▶ [PROBLEM TO WORK ON]: All of the listing should be output exactly, apart from the pictures.

▶ [DATA SECTION]:
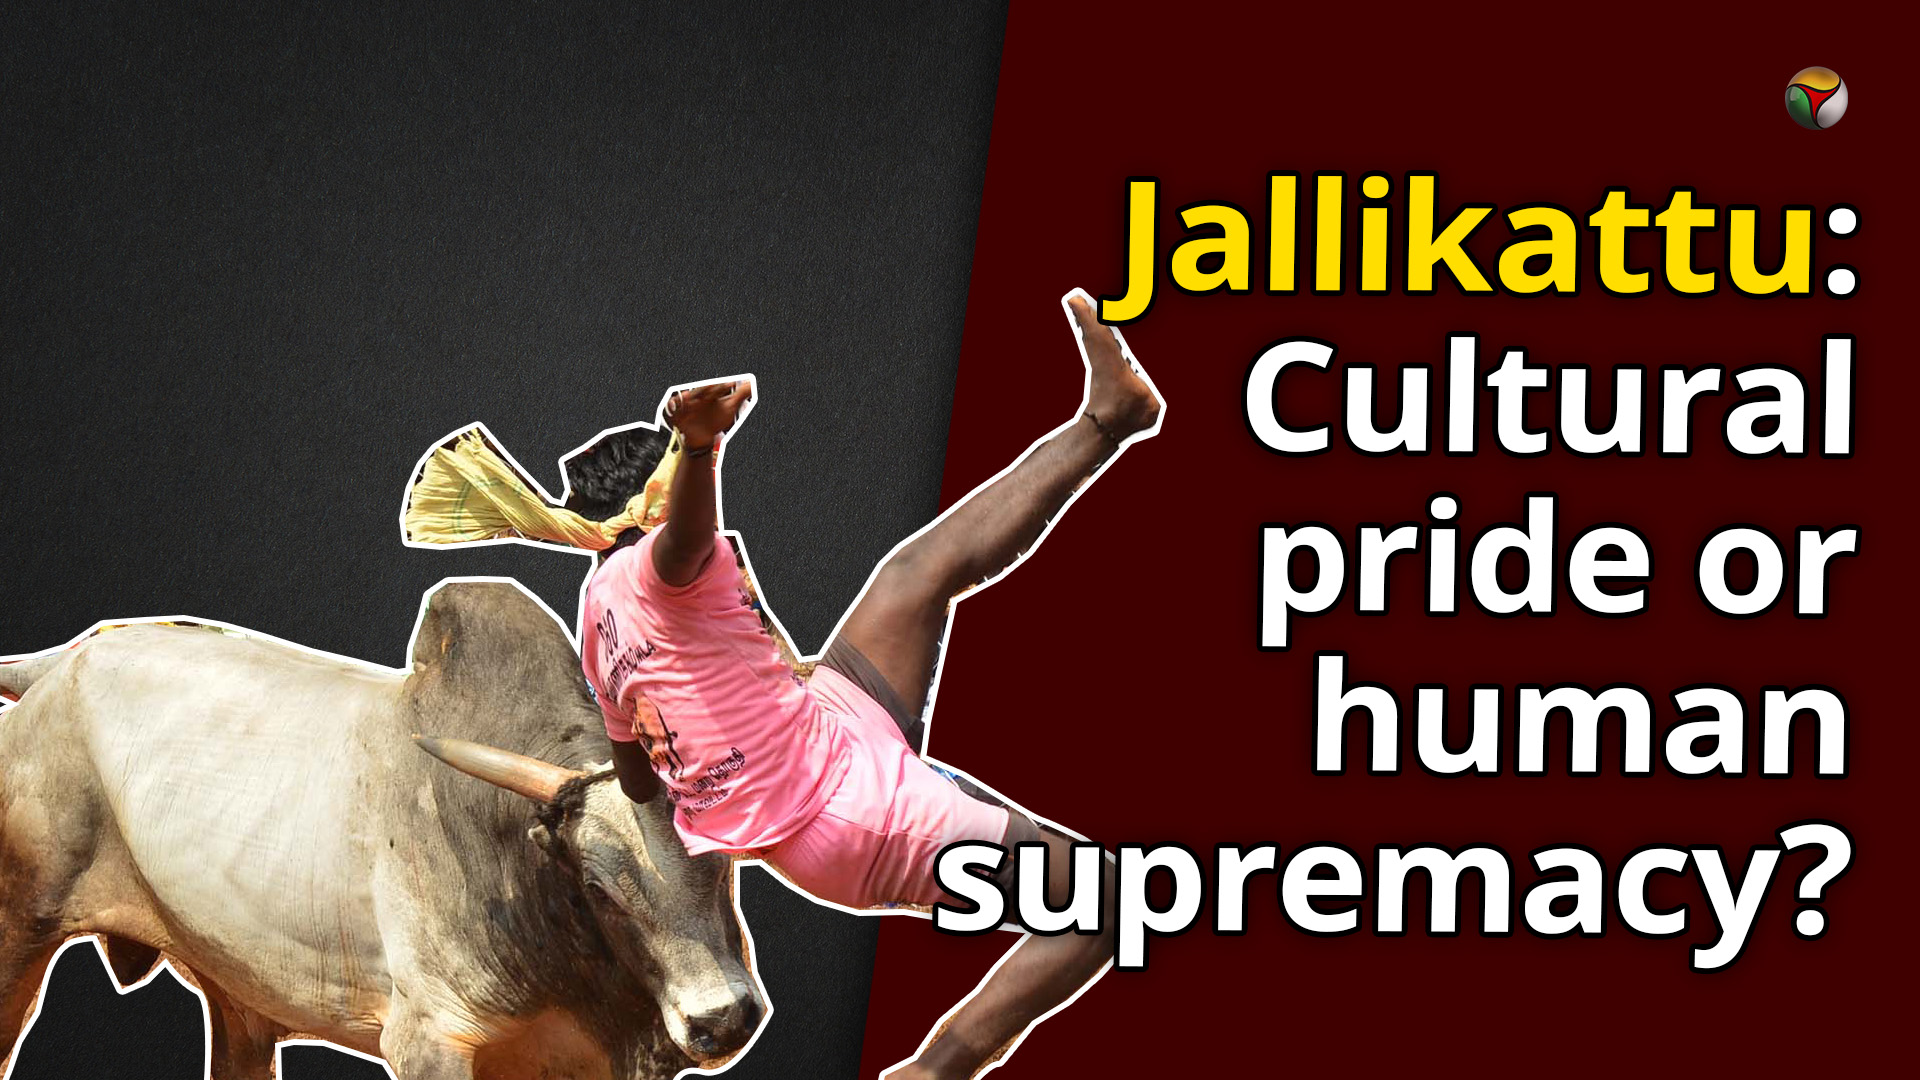 Jallikattu: Cultural pride or human supremacy?
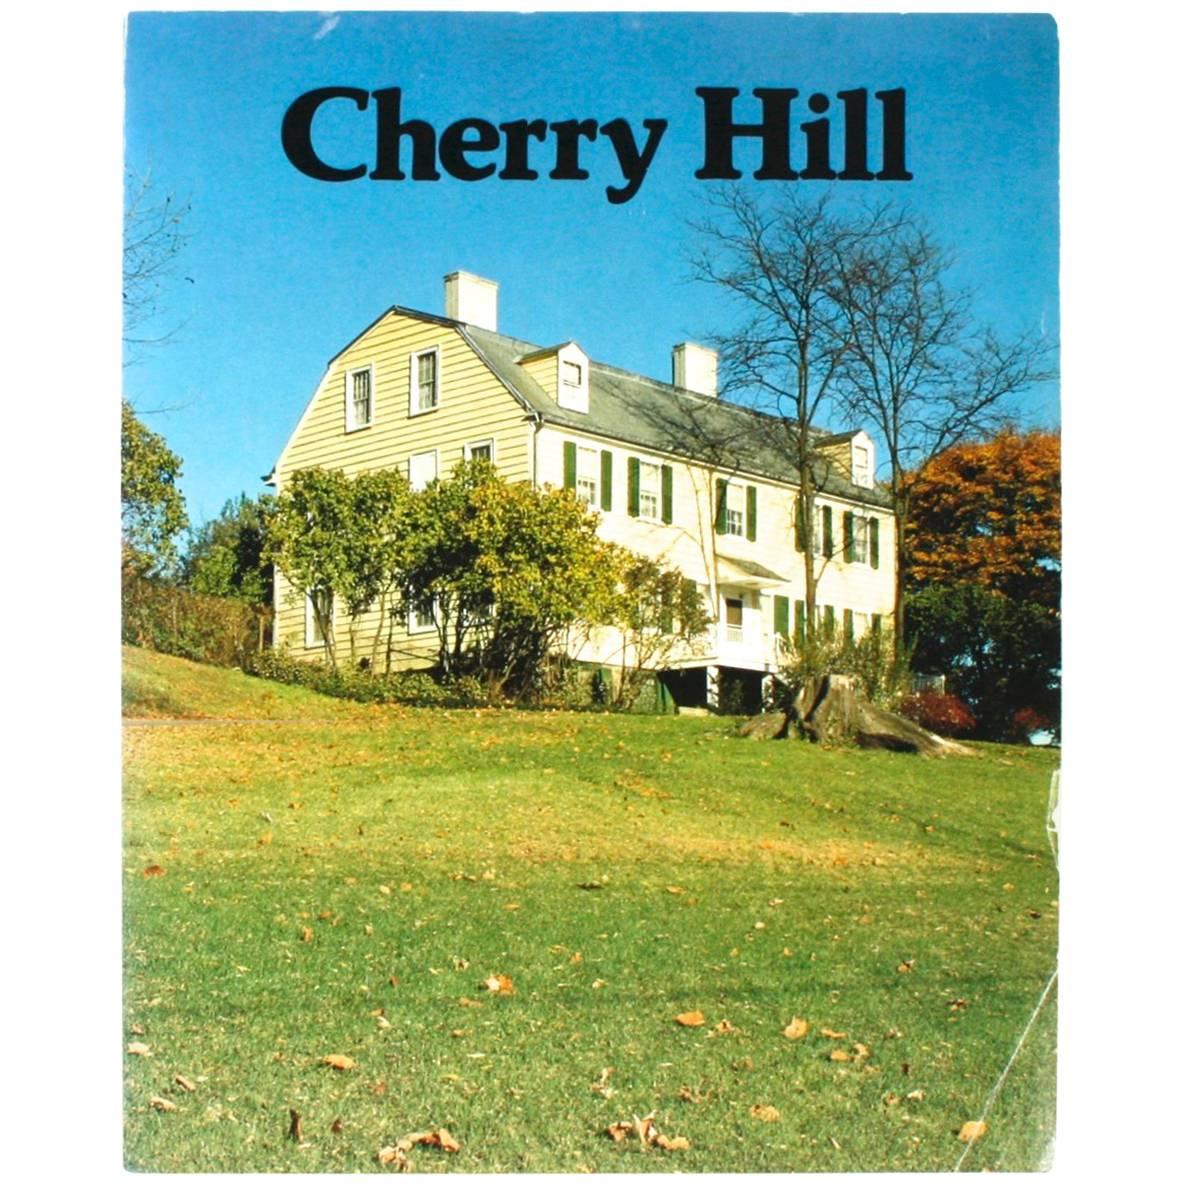 "Cherry Hill" par Roderic H. Blackburn
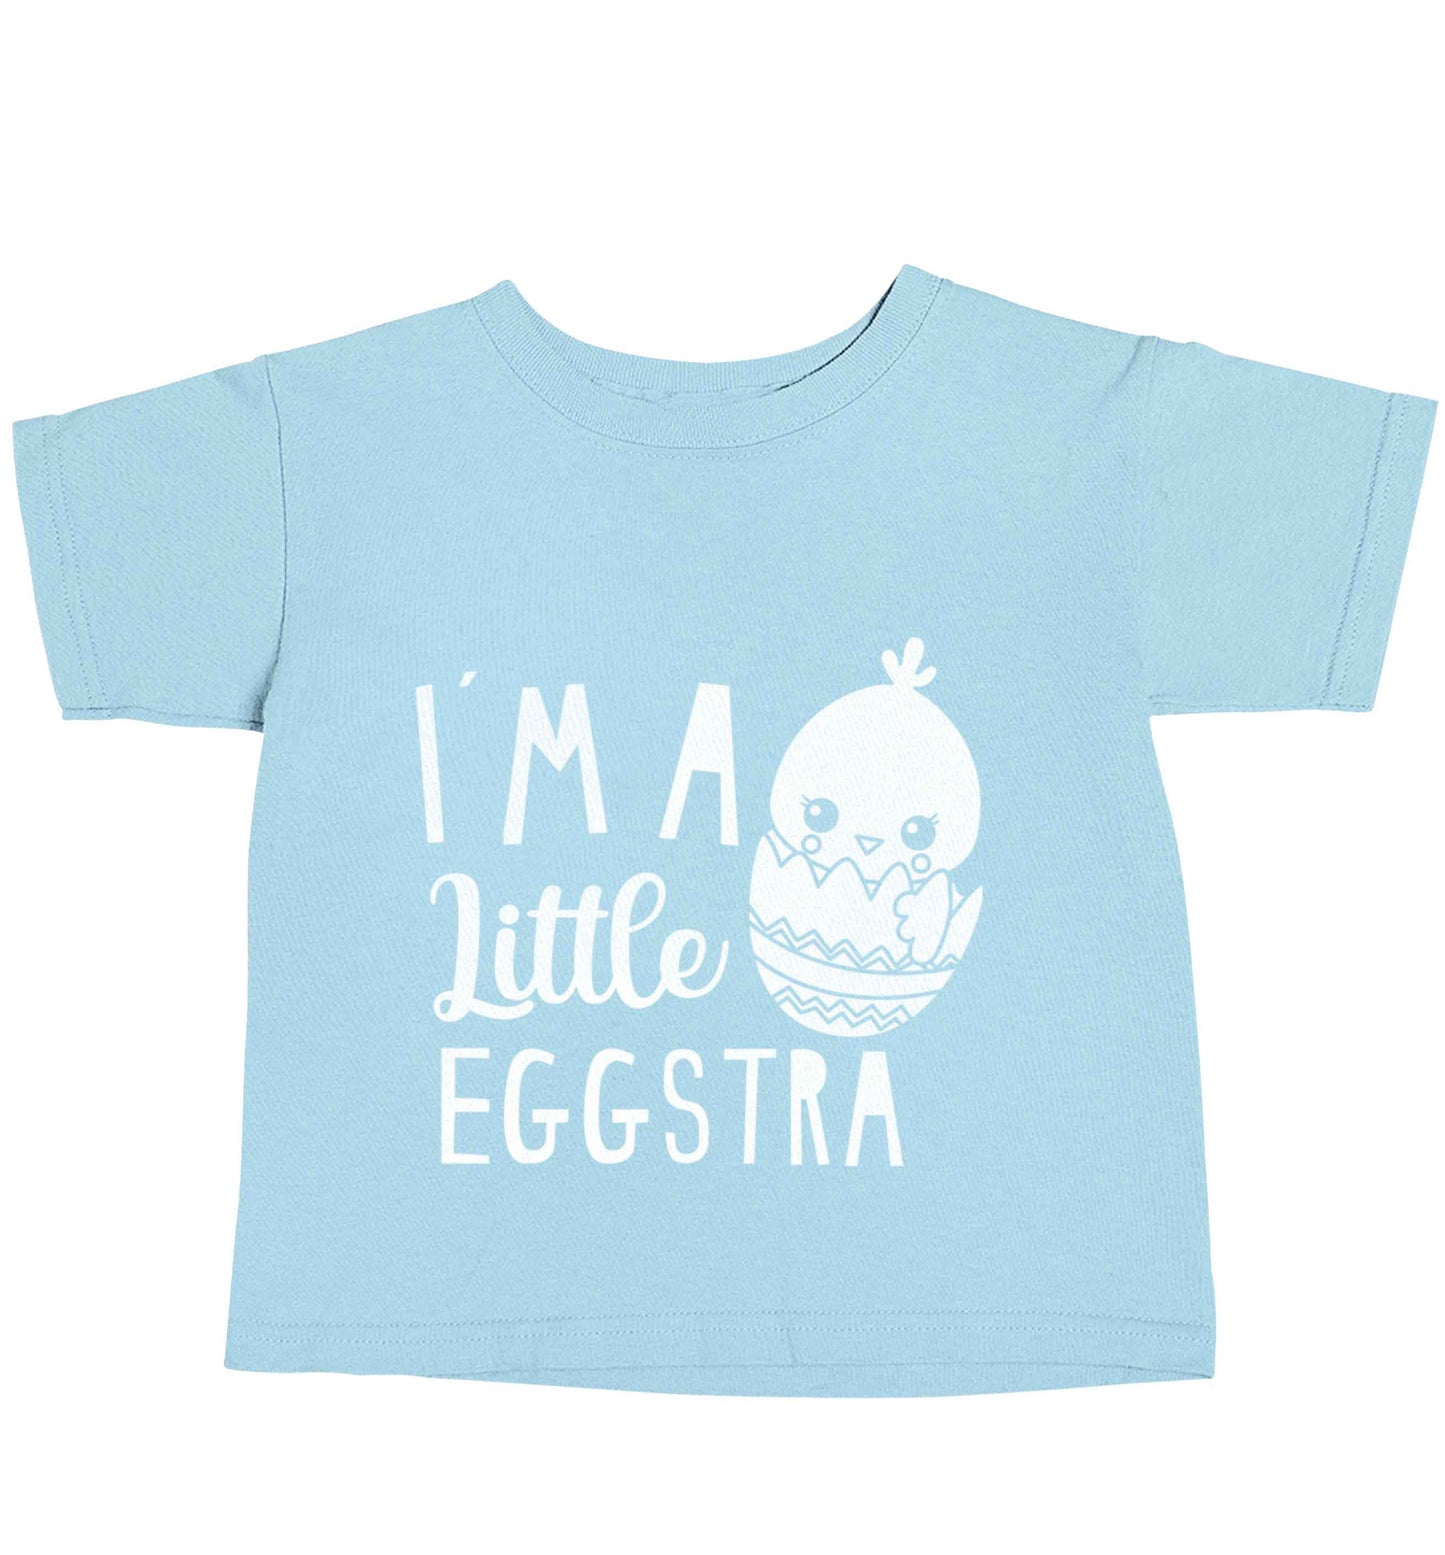 I'm a little eggstra light blue baby toddler Tshirt 2 Years
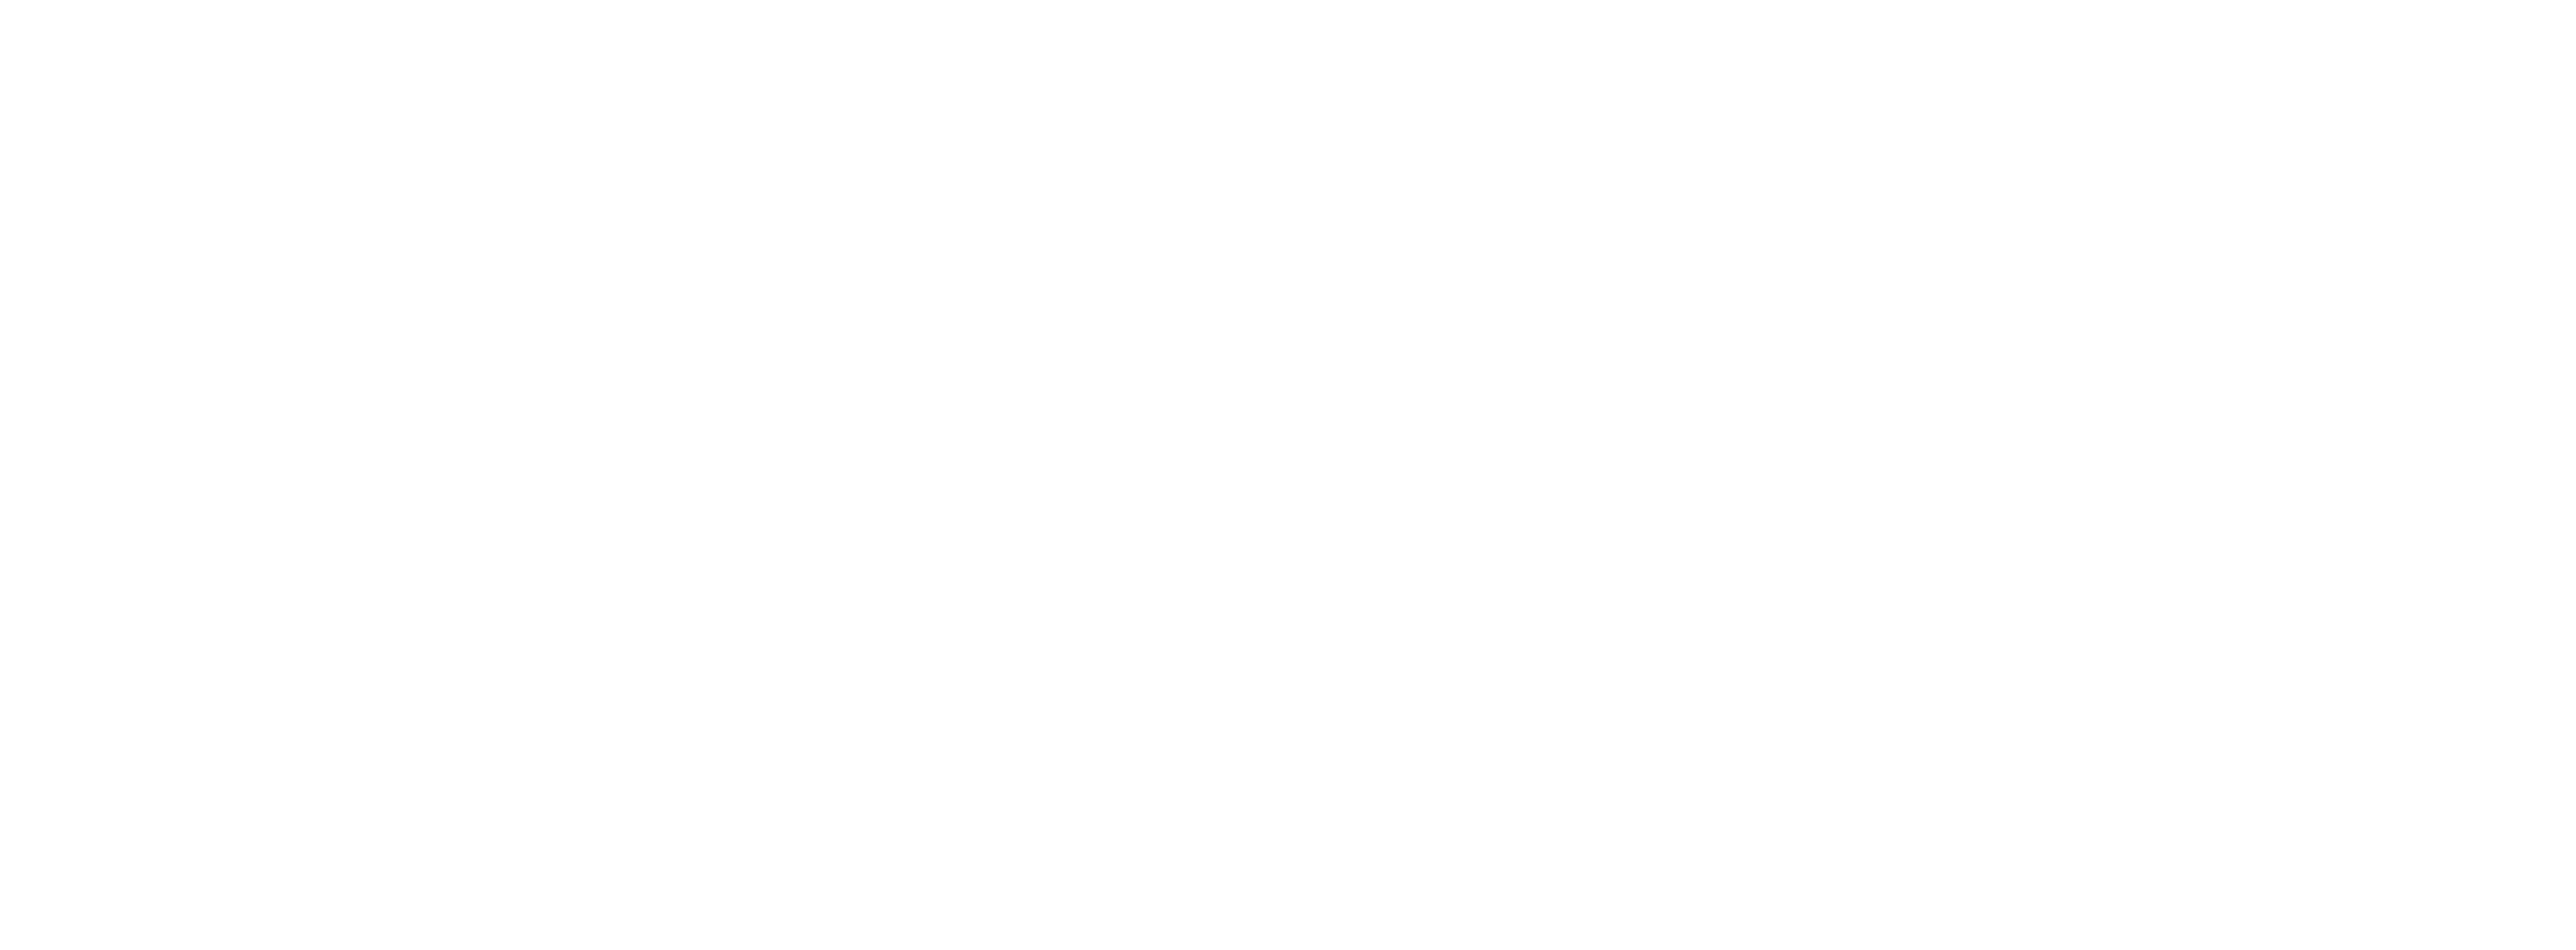 Metropolitan Madison @ Realty Executives Cooper Spransy

▶ [ANSWER TO THE PROBLEM]:
 Jallikattu: Cultural pride or human supremacy?
 "Cherry Hill" par Roderic H. Blackburn
 I'm a little eggstra light blue baby toddler Tshirt 2 Years
 Metropolitan Madison @ Realty Executives Cooper Spransy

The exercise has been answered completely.